All transcriptome datasets were publicly available and downloaded from NCBI Sequence Read Archive [45, 6264]. A total of 64 experiments generated by next generation sequencing (NGS) were obtained from different tissues or development stages of maize reference inbred B73 (Table 1). The transcriptome dataset consists of both single-end reads and pair-end reads with read length ranging from 50 to 110 bp. Each experiment (tissue/stage) had 2 to 3 biological replicates. Each biological replicate was analyzed separately and the average normalized expression level of all the biological replicates was obtained to represent the expression-level of specific tissue/stage.

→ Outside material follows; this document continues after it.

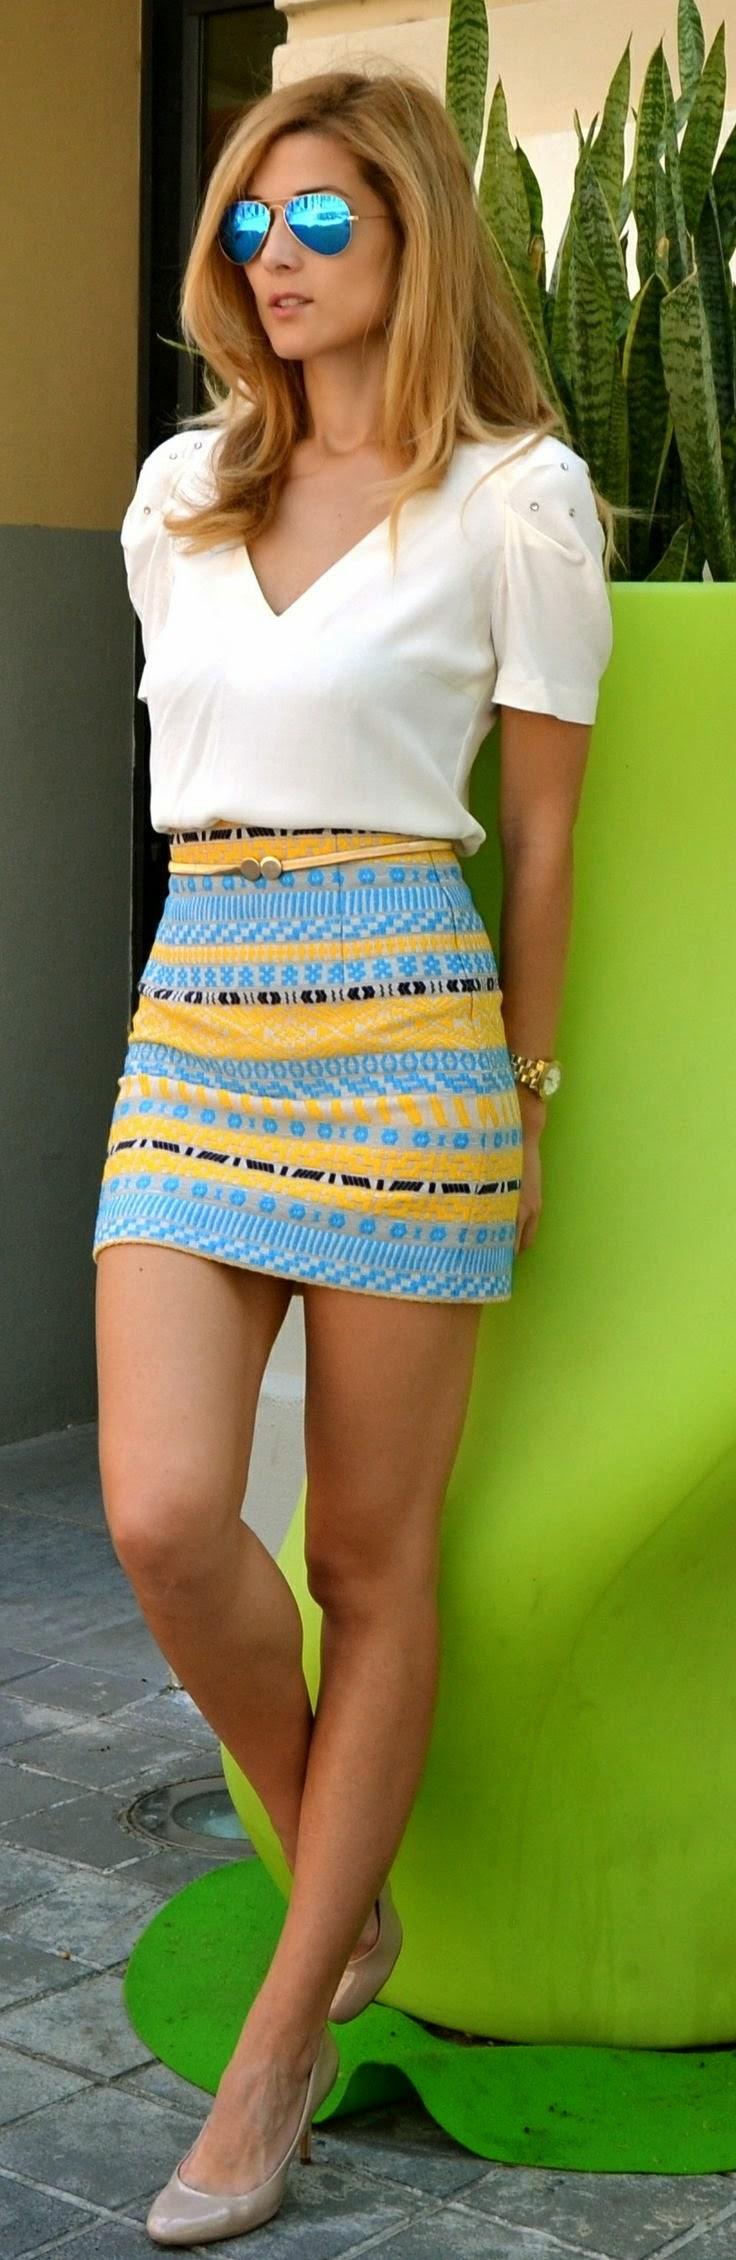 9e7b0a55dffc modern summer outfits 2015 trends

Transcriptome profiling and co-expression network construction

After downloading all the transcriptome datasets, trimmomatic [65] was employed to remove all the adapter sequences. Then, low quality sequences were removed using Fastx-Toolkit [66]. High quality NGS reads of each biological replicate for each tissue/stage were mapped onto annotated gene region space of the maize reference genome (AGP v3) [44] using RSEM [67] with parameters “-p 8 --bowtie2 --estimate-rspd --append-names --output-genome-bam ”. The statistic “TPM” (Transcripts Per Million) was adopted as the proxy of normalized expression-level. A matrix (39,323 annotated maize genes X 64 transcriptome datasets) of a transcriptome profiling dataset across 64 different tissues/stages was used for further analyses.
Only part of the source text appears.